L'Autre

Il rentrait du travail, assis au volant de sa berline confortable.

Il fut stupéfait, au sortir d'une averse aussi étrangement brusque que passagère, de voir devant lui une voiture qu'il connaissait pour être la sienne, de la même couleur, et qui portait la même plaque que celle du véhicule qu'il était en train de conduire.

Comme elle le précédait, il décida de la suivre.

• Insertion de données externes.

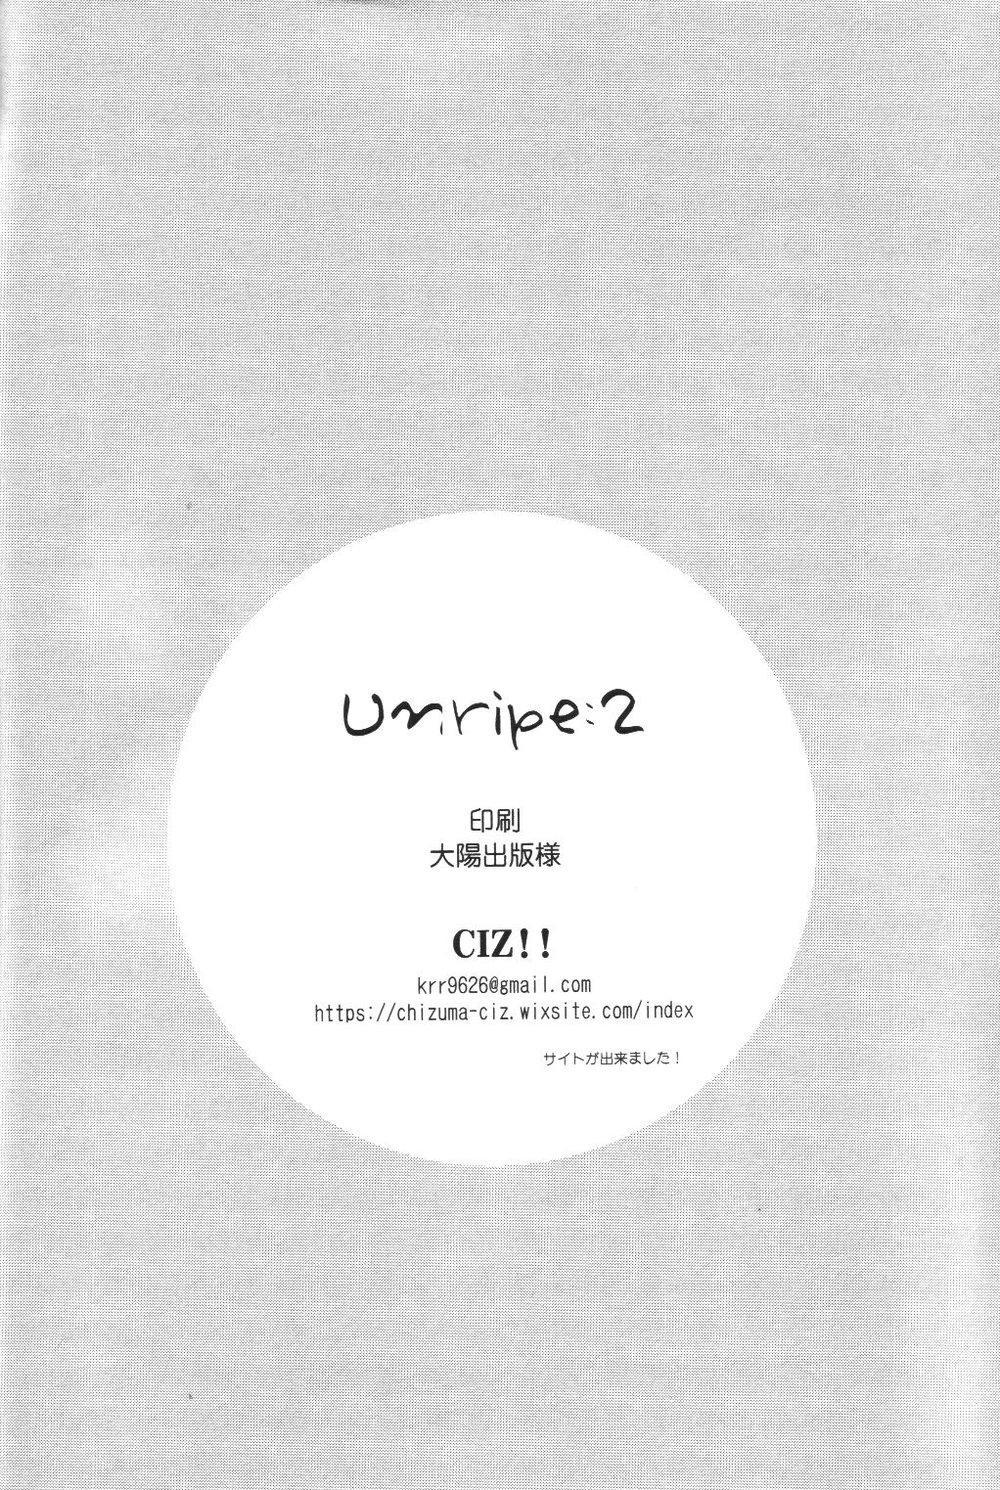 Unripe:2 21
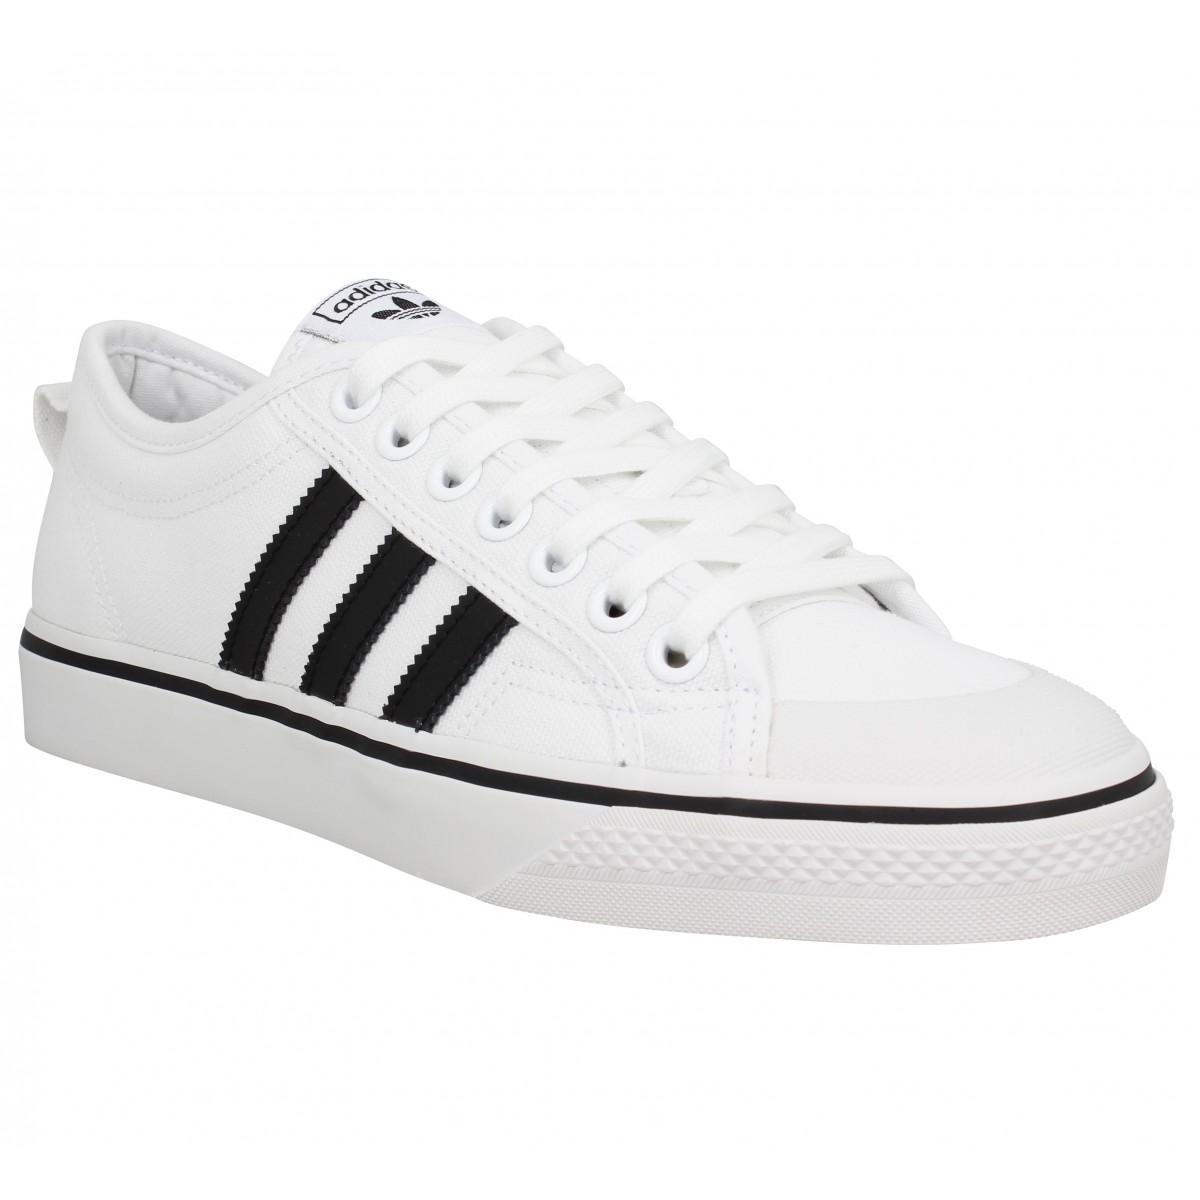 Adidas Homme Nizza Toile -40-blanc

Au bout d'un moment, il se rendit compte, à mesure que les routes devenaient plus étroites et moins empruntées, que la voiture se dirigeait là où il habitait. Il en fut intrigué, un peu inquiet – avec la même plaque, il s'agissait probablement d'un faussaire ! –, et profitant d'une ligne droite, il la doubla. Puis, une fois rabattu, il regarda dans son rétroviseur.

Le conducteur lui ressemblait trait pour trait ! Un parfait sosie de lui-même !

Incrédule et choqué, il accéléra pour échapper à cette vision affolante, puis il s'arrêta à la première occasion sur le bas-côté et rassembla son calme pour réfléchir. Dans le silence de l'habitacle, les yeux ronds, le souffle court, il s'efforça de reprendre le contrôle de son cœur dont les vives pulsations lui infligeaient une douleur aiguë.

Quelques minutes plus tard, l'autre voiture glissait par la gauche, repassait devant, et il la vit poursuivre vers l'horizon, tout là-bas, jusqu'à disparaître.

Il souffla un long moment... et soudain fut pris d'une violente panique à l'abord d'une pensée qui le traversa comme un éclair. D'un coup, galvanisé par l'horrible frisson, il songea que peut-être, rien qu'en s'arrêtant, il avait commis la plus terrible des erreurs !

Il redémarra en trombe, tâcha de rejoindre la voiture qu'il avait laissé filer.

Mais ce n'est qu'en arrivant chez lui qu'il l'aperçut, de l'autre côté du trottoir, garée parfaitement devant sa maison toute blanche.

Le conducteur n'y était plus.

Il se rangea à la hâte, sortit de sa berline, pâle, fébrile. Il emprunta l'allée familière, bordée des fleurs entretenues et du gazon fraîchement tondu, et, parvenu au perron, avec une indicible angoisse, il abaissa la poignée pour entrer.

La porte de chez lui était fermée.

Il sonna. Attendit quelques secondes, raide et impatient.

C'est un homme qui ouvrit, celui de la voiture, si ressemblant qu'on aurait dit, au-delà du seuil, son exact reflet à l'intérieur de la maison. L'homme le dévisagea un moment, sans rien dire, penchant juste un peu la tête comme le ferait un animal très calme et curieux, avant de plisser les yeux, d'un air glacial. Il ouvrit la bouche, et d'une voix neutre, effrayante, inhumaine, il dit :

« Vous êtes l'Autre maintenant. Ne revenez plus. ».

Il le regarda un dernier instant, puis commença à refermer la porte, impassible et lent. L'autre ne put rien dire, éberlué, imbécile. Avant que tout fût terminé, il parvint à entendre sa femme, douce au loin, qui demandait qui était le visiteur, et sa propre voix, celle d'un homme qui était lui naguère, répondre que c'était une erreur.

Alors, d'un pas étrangement fatidique, il redescendit l'allée. Une sorte de résignation s'était abattue sur lui : c'est qu'il sentait, incompréhensiblement, d'une façon insidieuse et profonde, que tout cela était normal et juste, comme s'il avait connu et puis oublié les règles d'un très ancien jeu, et qu'il avait seulement fait son tour.

Il s'arrêta un moment sur le trottoir. Huma l'air du soir comme il commençait à faire nuit. Puis il songea qu'il devait rapidement s'en aller, vit que sa voiture, la seconde, n'existait déjà plus.

Alors, les mains dans les poches, il glissa comme une ombre sur le pavé. Il ne voyait plus rien, plus aucun son ne parvenait à ses oreilles.

Avant que les ténèbres fussent venues, il avait disparu.